A gene is a segment of DNA that provides the instructions for producing proteins essential to bodily function. When a gene undergoes mutation, its instructions are altered, and the resulting protein may not function as intended, leading to disease. The ATP6V1B1 gene specifically encodes a protein vital for maintaining acid-base balance in the kidneys and inner ear. Autosomal recessive inheritance describes a pattern where an individual needs two copies of the mutated gene, one from each parent, to exhibit the condition. Distal Renal Tubular Acidosis (dRTA) refers to the failure of the kidneys to acidify urine effectively, while sensorineural hearing loss refers to hearing impairment resulting from damage to the inner ear or the auditory nerve. Genetic testing analyzes an individual’s DNA to identify mutations, providing a definitive diagnosis and guiding management.

References

• Giglio, S., Montini, G., Trepiccione, F. et al. Distal renal tubular acidosis: a systematic approach from diagnosis to treatment. J Nephrol 34, 2073–2083 (2021). https://doi.org/10.1007/s40620-021-01032-y
• Mohebbi, N., Wagner, C.A. Pathophysiology, diagnosis and treatment of inherited distal renal tubular acidosis. J Nephrol 31, 511–522 (2018). https://doi.org/10.1007/s40620-017-0447-1
• Watanabe, T. (2018). Improving outcomes for patients with distal renal tubular acidosis: recent advances and challenges ahead. Pediatric Health, Medicine and Therapeutics, 9, 181–190. https://doi.org/10.2147/PHMT.S174459
• Almomani, Ensaf, et al. ‘Intercalated Cells: More than pH Regulation’. Diseases, vol. 2, no. 2, Apr. 2014, pp. 71–92. DOI.org (Crossref), https://doi.org/10.3390/diseases2020071.
• Pyeritz, Reed E. ‘Renal Tubular Disorders’. Emery and Rimoin’s Principles and Practice of Medical Genetics and Genomics, Elsevier, 2023, pp. 115–24. DOI.org (Crossref), https://doi.org/10.1016/B978-0-12-812534-2.00011-4.

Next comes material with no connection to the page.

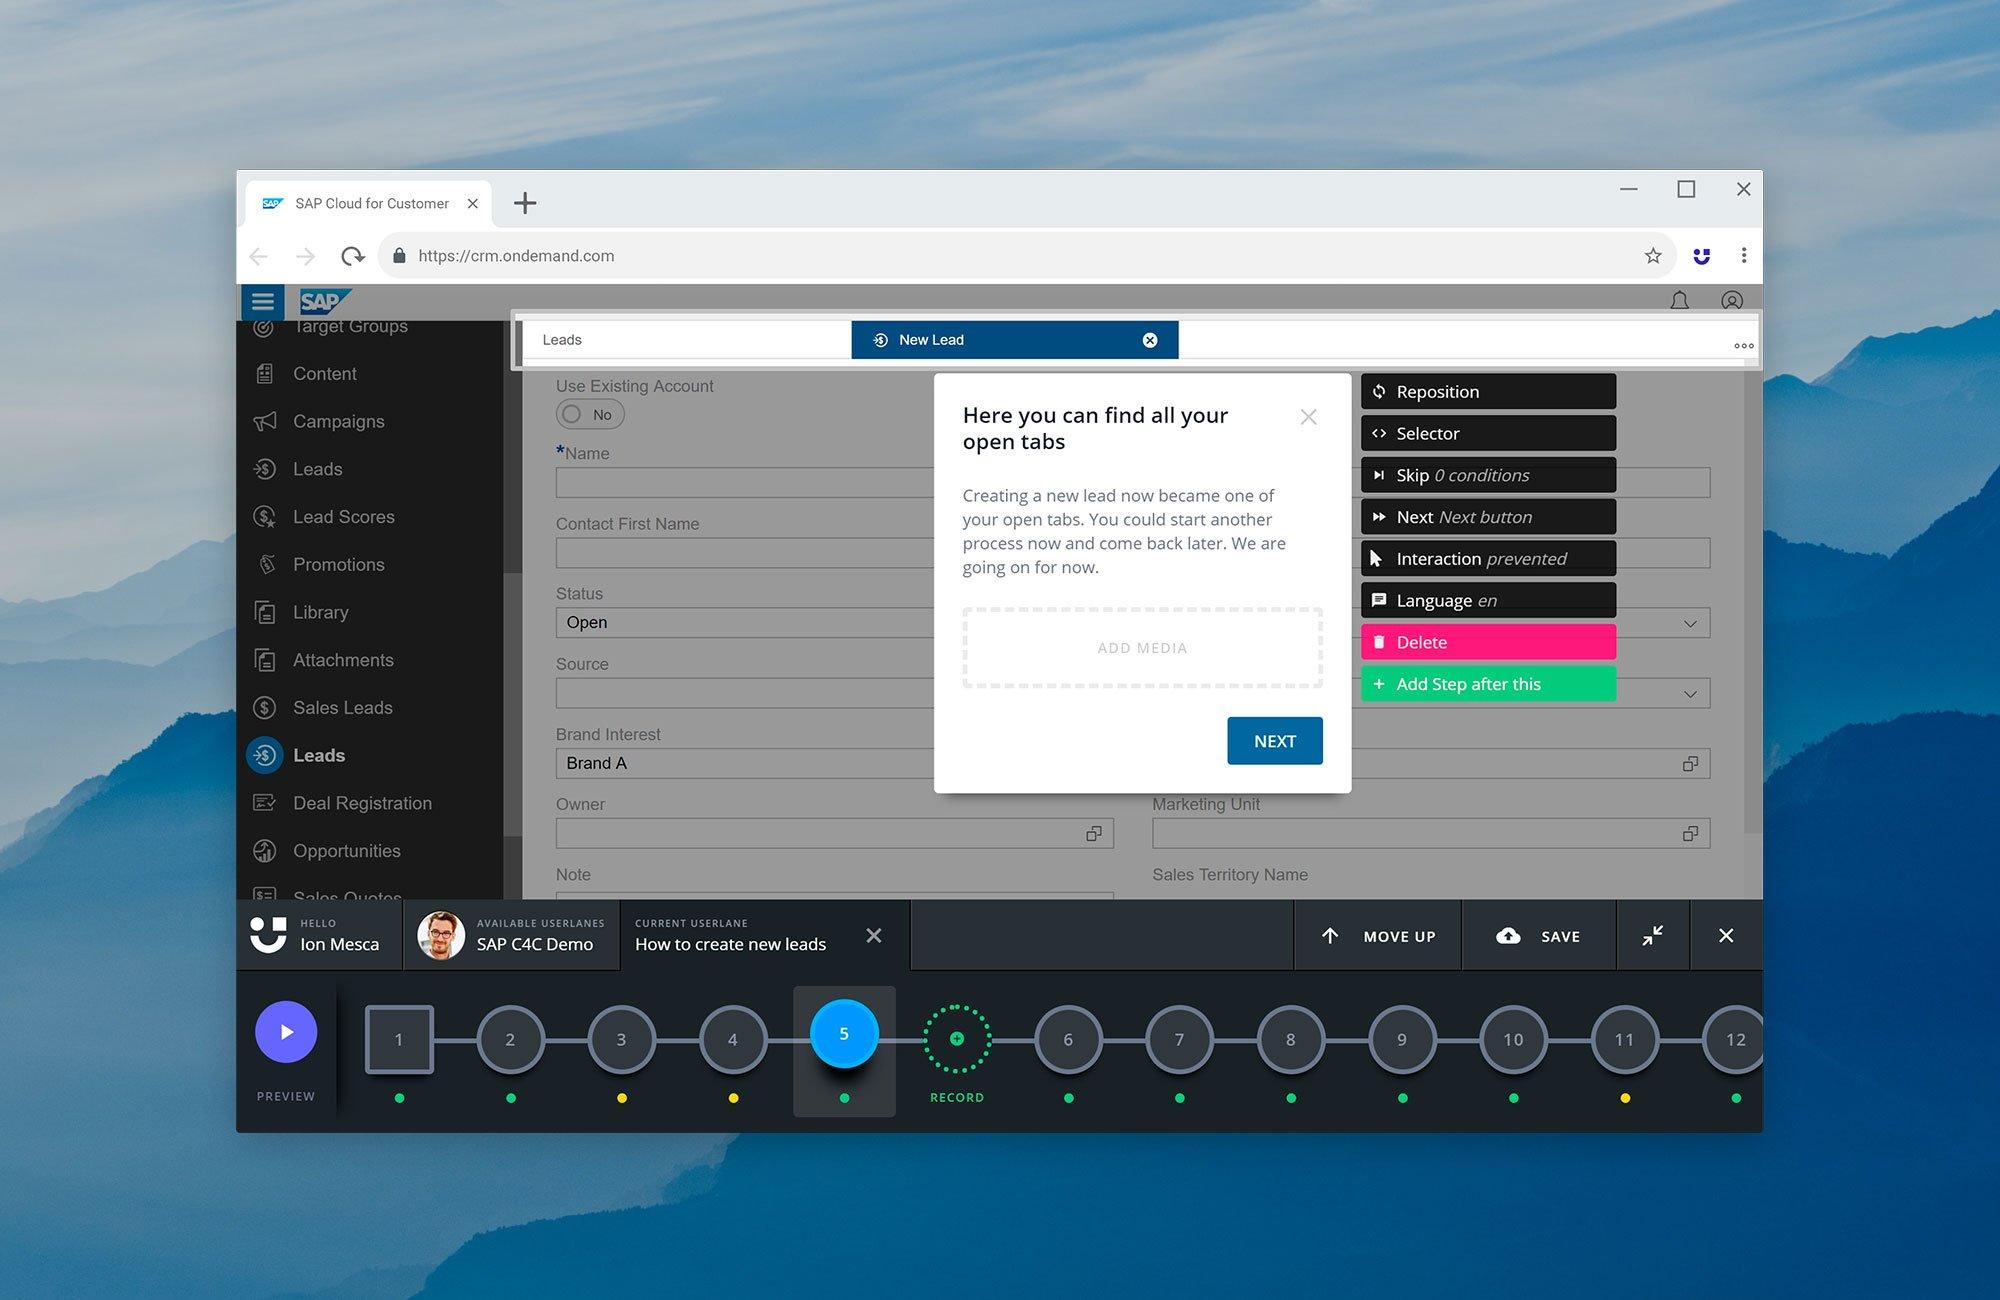 sap_screenshot_editor2_windows_2000x1300

• Perez G, Barber GP, Benet-Pages A, Casper J, Clawson H, Diekhans M, Fischer C, Gonzalez JN, Hinrichs AS, Lee CM, Nassar LR, Raney BJ, Speir ML, van Baren MJ, Vaske CJ, Haussler D, Kent WJ, Haeussler M. The UCSC Genome Browser database: 2025 update. Nucleic Acids Res. 2025 Jan 6;53(D1):D1243-D1249. doi: 10.1093/nar/gkae974. PMID: 39460617; PMCID: PMC11701590.